Integrin β3/ITGB3/CD61 Il plasmide Double Nickase (m) consiste in una coppia di plasmidi ingegnerizzati per l'editing ad alta specificità del locus Itgb3 nelle linee cellulari mouse. Ciascun plasmide esprime una nickasi Cas9 D10A e un sgRNA distinto che prende di mira filamenti di DNA opposti all'interno di Itgb3. Quando indirizzate verso siti adiacenti su filamenti di DNA opposti, le due nickasi generano tagli a filamento singolo sfalsati che insieme producono una rottura a doppio filamento sfalsata, richiedendo un'attività coordinata sul bersaglio da entrambe le guide.

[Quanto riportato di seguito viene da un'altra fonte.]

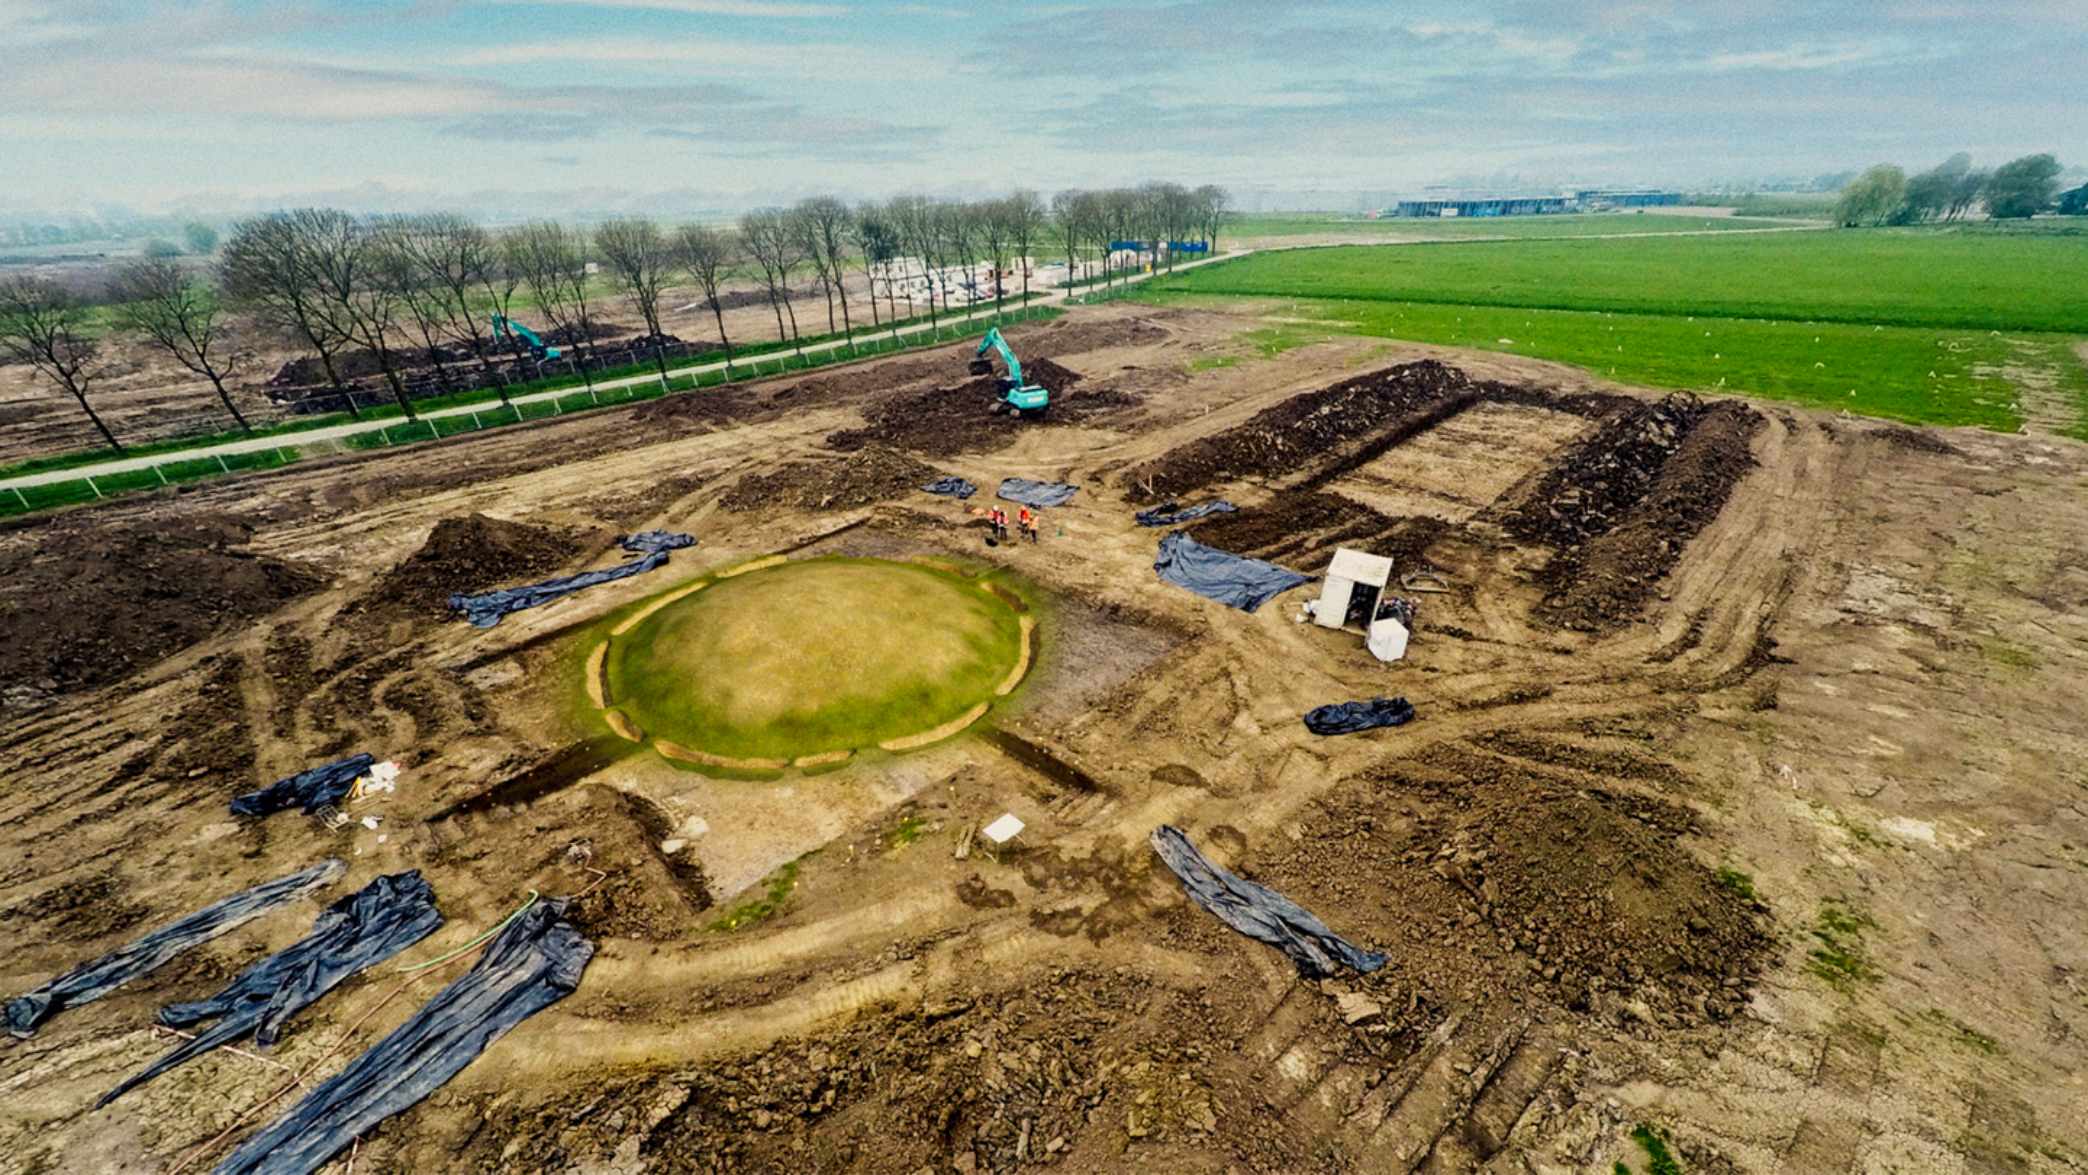 4,000-year-old Stonehenge of the Netherlands reveals its secrets 3
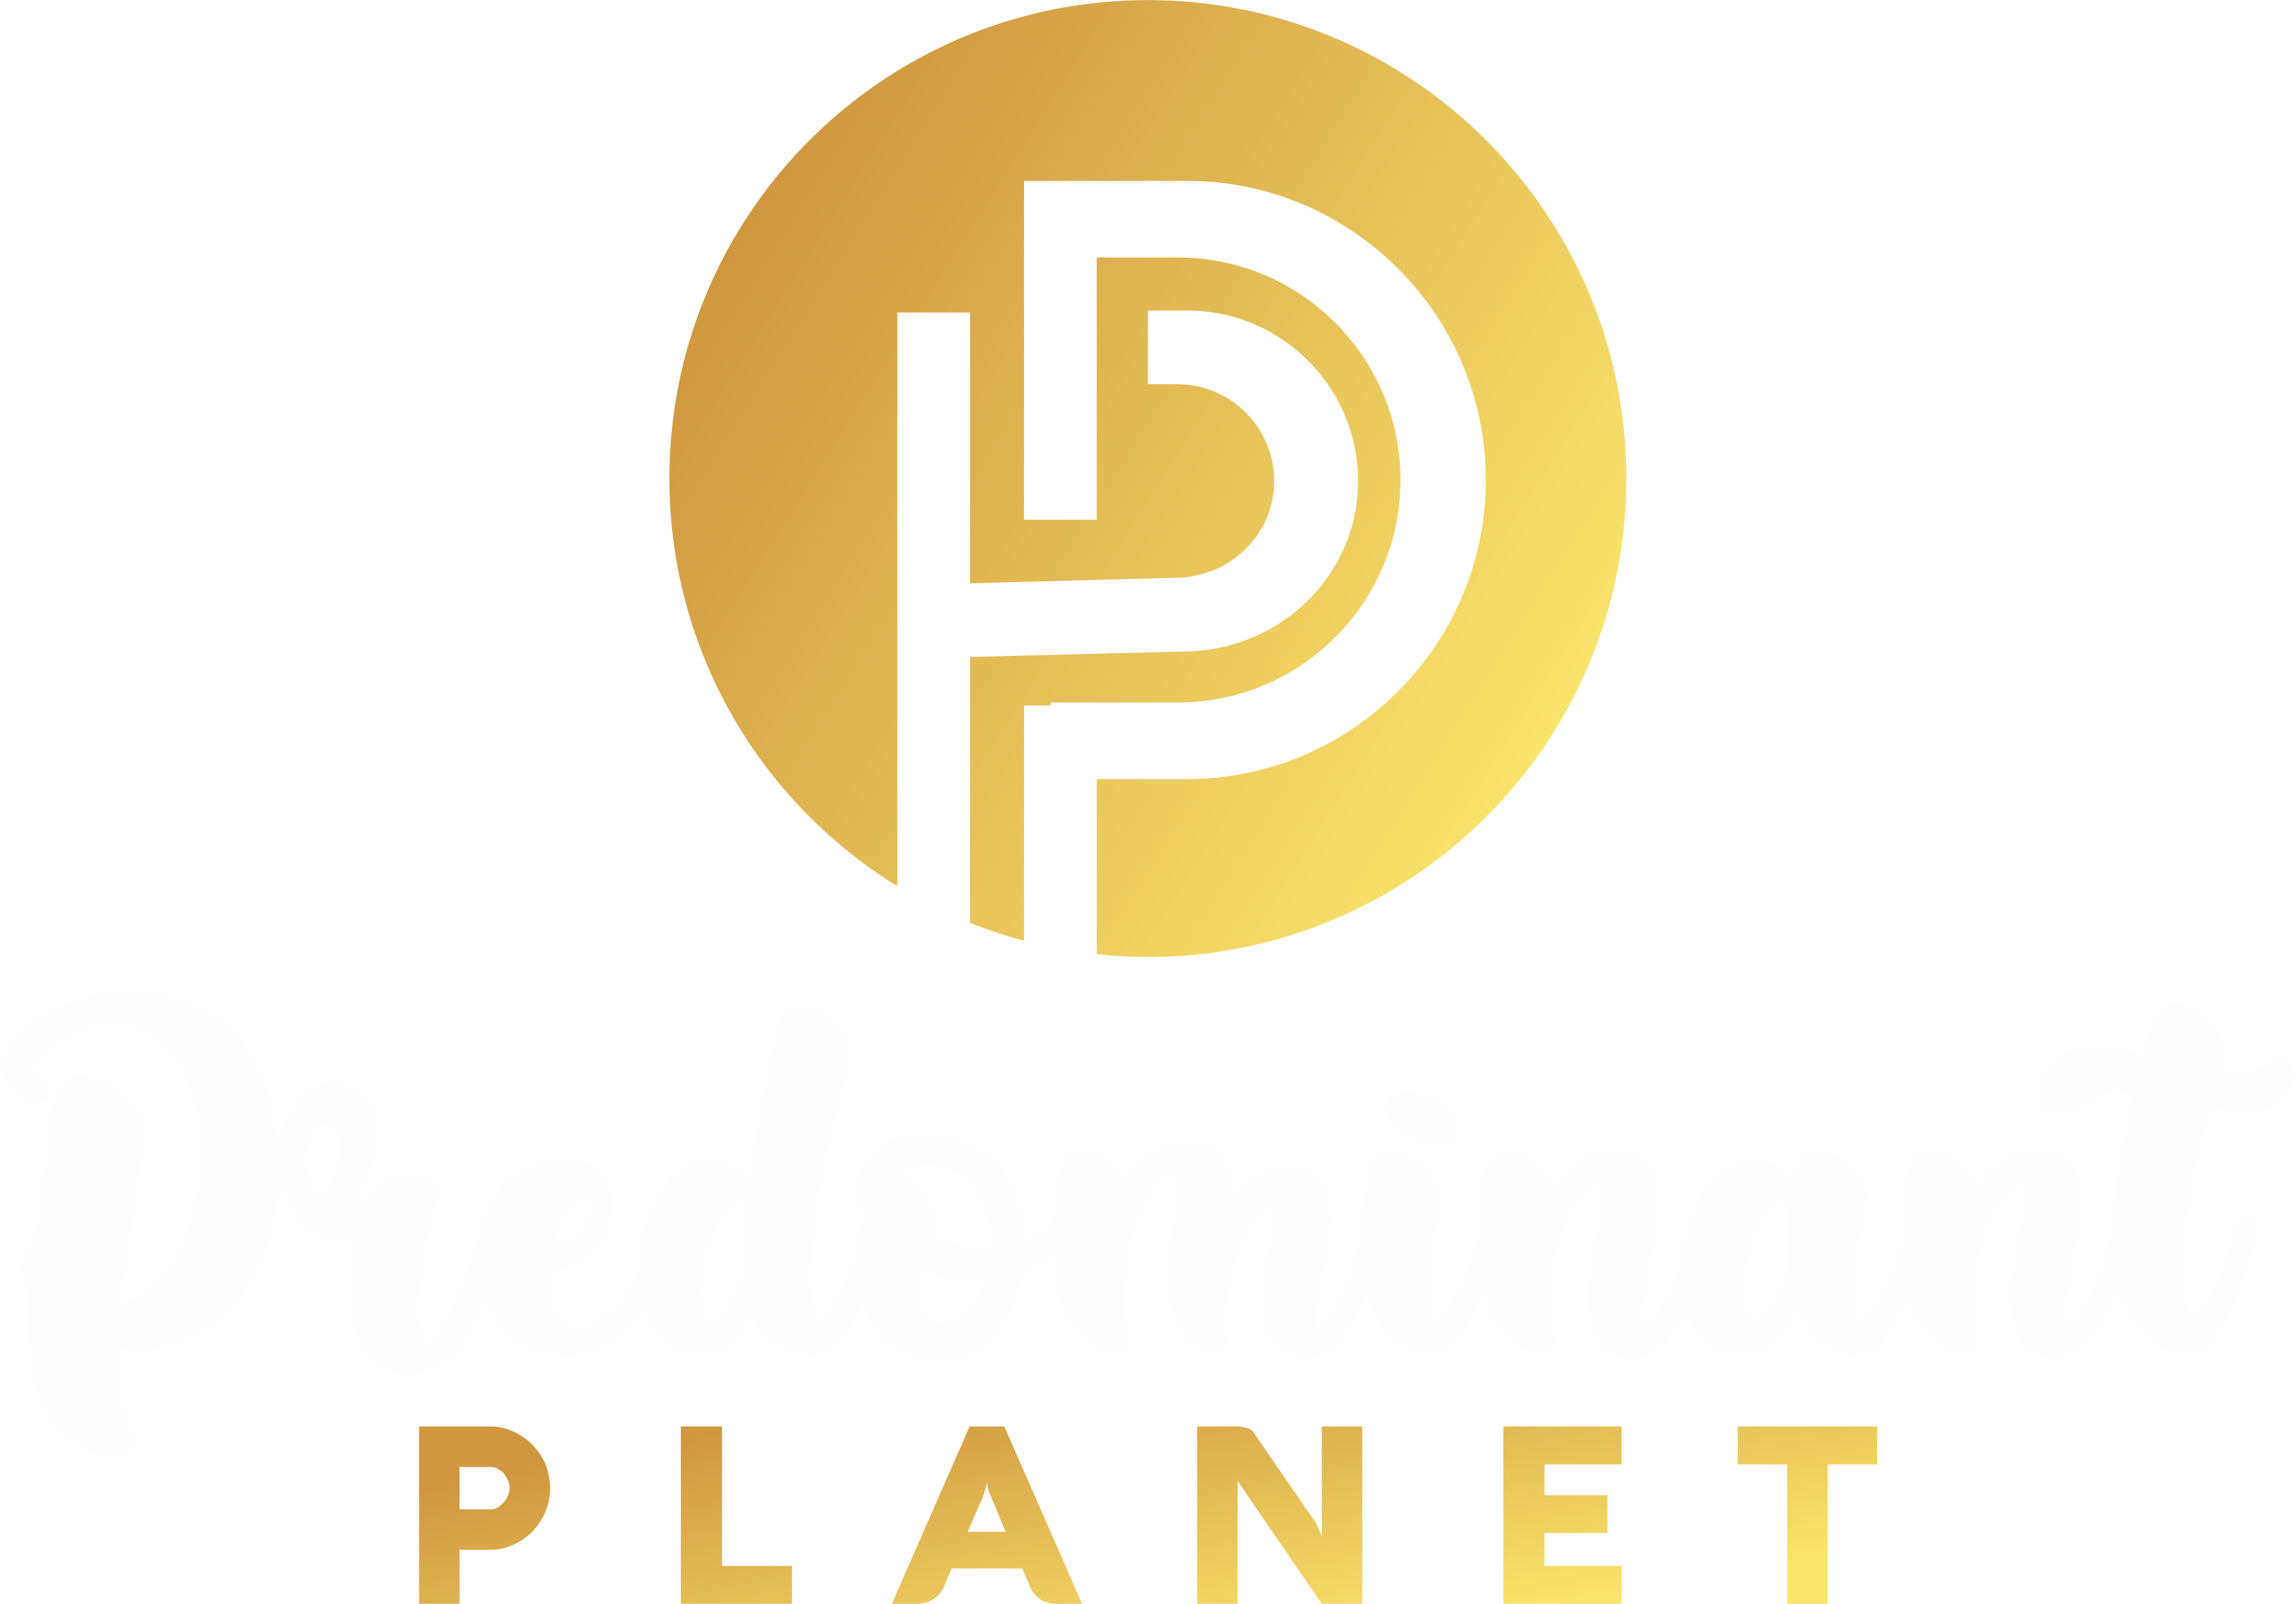 Predominant Planet logo

La rottura del DNA risultante viene risolta da vie di riparazione cellulare endogene, più comunemente attraverso la giunzione non omologa delle estremità (NHEJ), portando a inserzioni o delezioni che interrompono la funzione di Itgb3. Richiedendo il coinvolgimento di due sgRNA nel locus bersaglio, l'approccio a doppia nickasi migliora la specificità dell'editing e fornisce una strategia CRISPR complementare per applicazioni in cui è desiderato un controllo aggiuntivo sulla precisione del targeting.
Per supportare l'identificazione efficiente delle cellule modificate, un plasmide codifica la GFP per la visualizzazione fluorescente delle popolazioni trasfettate, mentre il plasmide di accompagnamento porta un gene di resistenza alla puromicina per la selezione antibiotica. Insieme, queste caratteristiche supportano l'arricchimento efficiente delle popolazioni co-trasfettate e semplificano la convalida dei cloni con Itgb3 interrotto.
Solo per uso di ricerca. Non destinato a uso diagnostico o terapeutico.